The Assembly Judiciary Committee on Monday approved legislation sponsored by Chairman John McKeon that would create a 19-member Commission on Drunk and Impaired Driving to take a broad look at the laws and programs New Jersey has in place to prevent and reduce this dangerous behavior.
Under the measure (AJR-168), the commission will be charged with examining methods to reduce the incidence of drunk and impaired driving and make recommendations to enhance government services, enforcement, education, and interventions to prevent drunk and impaired driving.
“Ultimately, our goal is for this commission to conduct a wholesale examination of the laws currently on our books in order to determine what’s working and what’s not in terms of enforcement and prevention measures,” said McKeon (D-Essex/Morris). “Do our laws adequately address the changing patterns and behavior of today’s society? Are we doing enough to emphasize the devastating effects of drunk driving? Who are we not reaching that we should? And are we taking advantage of the latest technology to prevent this behavior? These are just some of the issues that I hope the commission will examine to create a safer, more responsible environment on our roads.”
The commission would be comprised of the Attorney General, Director of Highway Traffic Safety, Superintendent of State Police, Chief Administrator of the New Jersey Motor Vehicle Commission, Commissioner of Health, Commissioner of Transportation, Public Defender, Executive Director of the Governor’s Council on Alcoholism and Drug Abuse, Director of the Rutgers University Center of Alcohol Studies, and Administrative Director of the Courts.
The commission would also include two members of the Senate of different parties and two members of the General Assembly of different parties, as well as five public members to be appointed by the Governor, including a retired municipal court judge, municipal prosecutor, defense attorney, local law enforcement officer, and victims’ rights advocate.
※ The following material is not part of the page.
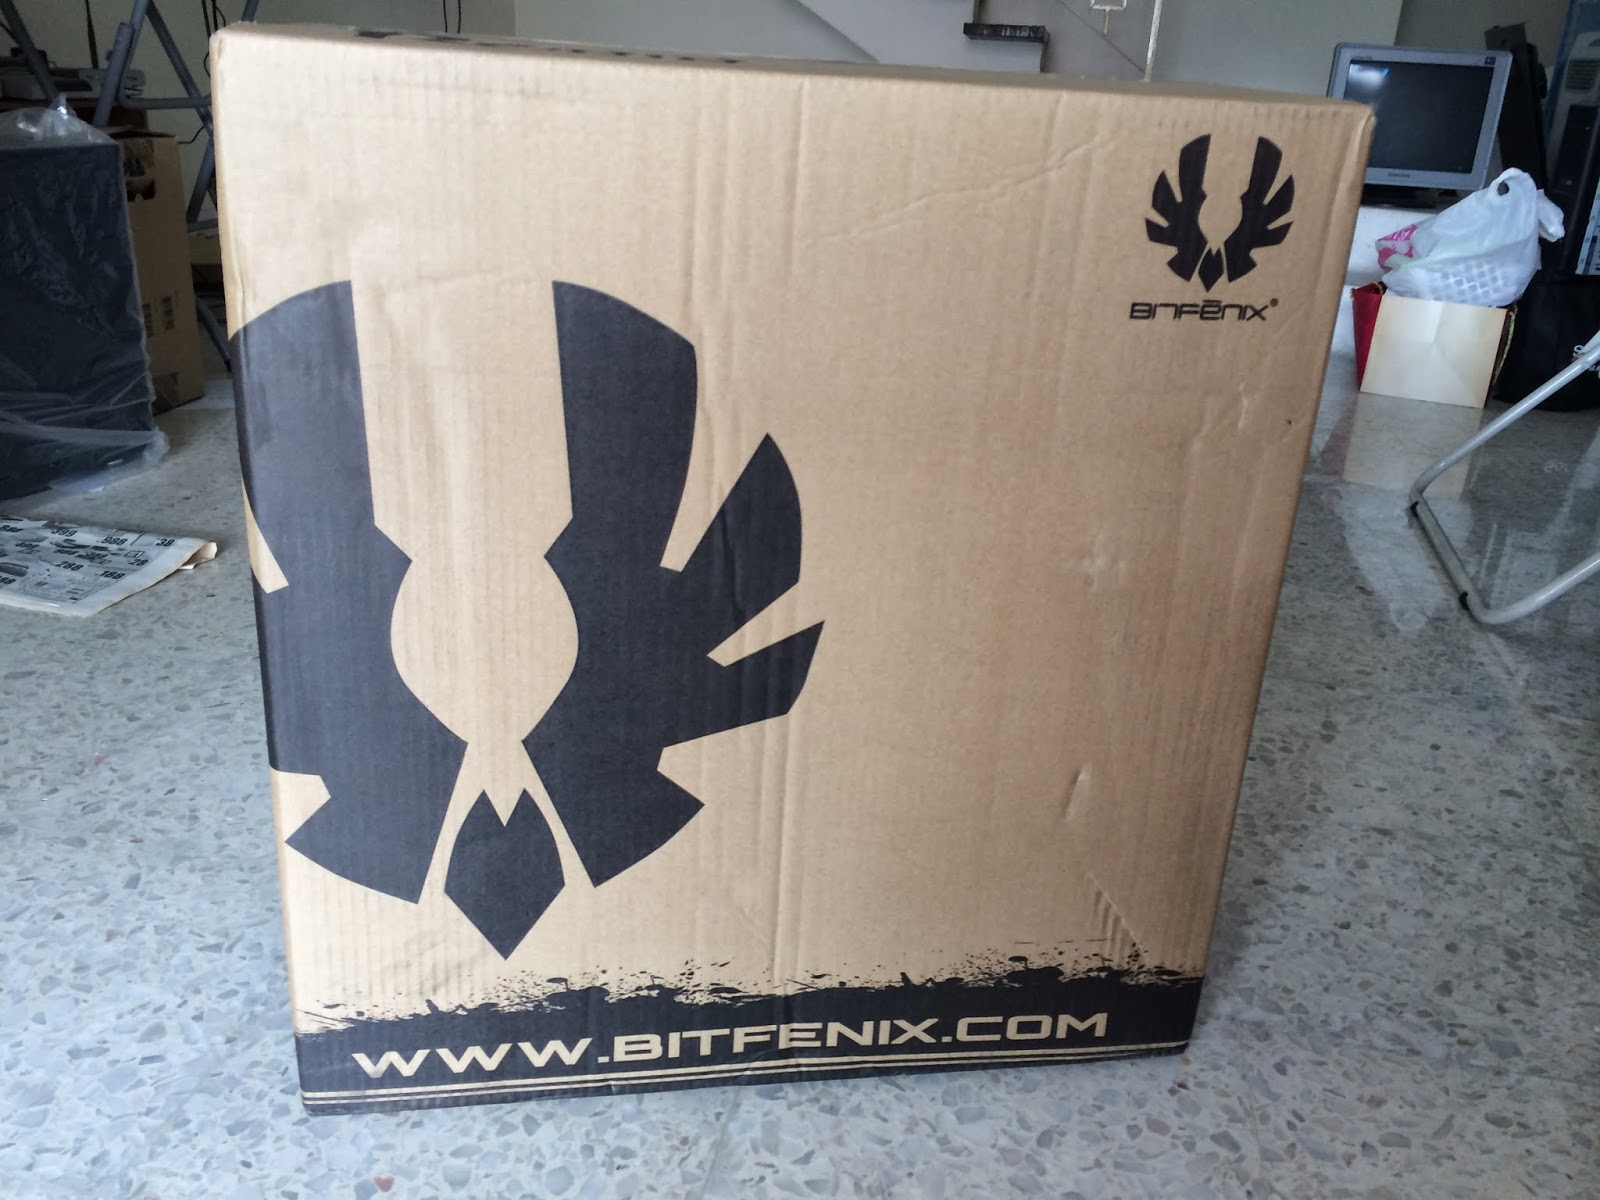 Unboxing & Review: Bitfenix Ronin 102

Among the issues the commission would be tasked with considering are:
1) the effectiveness of the state’s current penalties for driving under the influence (DUI), refusing to submit to a breathalyzer test, driving with a suspended license for DUI, driving without a court-ordered ignition interlock device (IID), and related offenses, in preventing drunk and impaired driving and discouraging repeat offenses;
2) the state’s compliance with current federal law and regulations regarding repeat DUI offenders;
3) the need and practicality of proposals to extend the requirement of IIDs to first-time drunk driving offenders, the need for infrastructure to assure compliance with court-ordered IID installation and monitor IID “lockouts,” and the desirability of alternatives or exceptions to the use of IIDs;
4) the collective economic impact of fines, fees, surcharges, automobile insurance rates, ignition interlock costs, and loss of employment on drivers convicted of drunk or impaired driving;
5) improved responses to repeat offenders, including screening and treatment for alcohol or drug addiction, medication-assisted therapies, IIDs, electronic monitoring, intensive supervision, and criminal prosecution;
6) identifying the most effective delivery of screening and treatment for alcohol or drug addicted convicted drivers, including an examination of the costs and benefits of restructuring county-based Intoxicated Driver Resource Centers into regional addiction, treatment, and counseling centers administered by the Department of Human Services;
7) the need for procedural safeguards to guide the administrative release of convicted drivers sentenced to jail time to participate in work release or similar programs;
8) the modernization of distribution formulas for alcohol tax revenues dedicated to DUI enforcement;
9) the potential impact of the New Jersey Supreme Court’s holding in State v. Denelsbeck that additional penalties imposed on repeat offenders may trigger the right to a jury trial;
10) whether enhanced penalties for drunk drivers with high-blood alcohol content levels or driving in a school zone are effective in reducing DUI and DUI recidivism;
11) whether a restricted-use driver’s license should be made available to drunk and impaired offenders as an alternative to full loss of driving privileges or in combination with other penalties;
12) ensuring the safety of the public while DUI charges are pending, including use of pre-conviction administrative suspensions, IIDs, or electronic monitoring;
13) improving interagency communication and the integration of state and local automated systems to administer compliance with post-conviction DUI penalties, treatment, and release conditions; and
14) other evidence-based best practices for addressing the problem of drunk and impaired driving.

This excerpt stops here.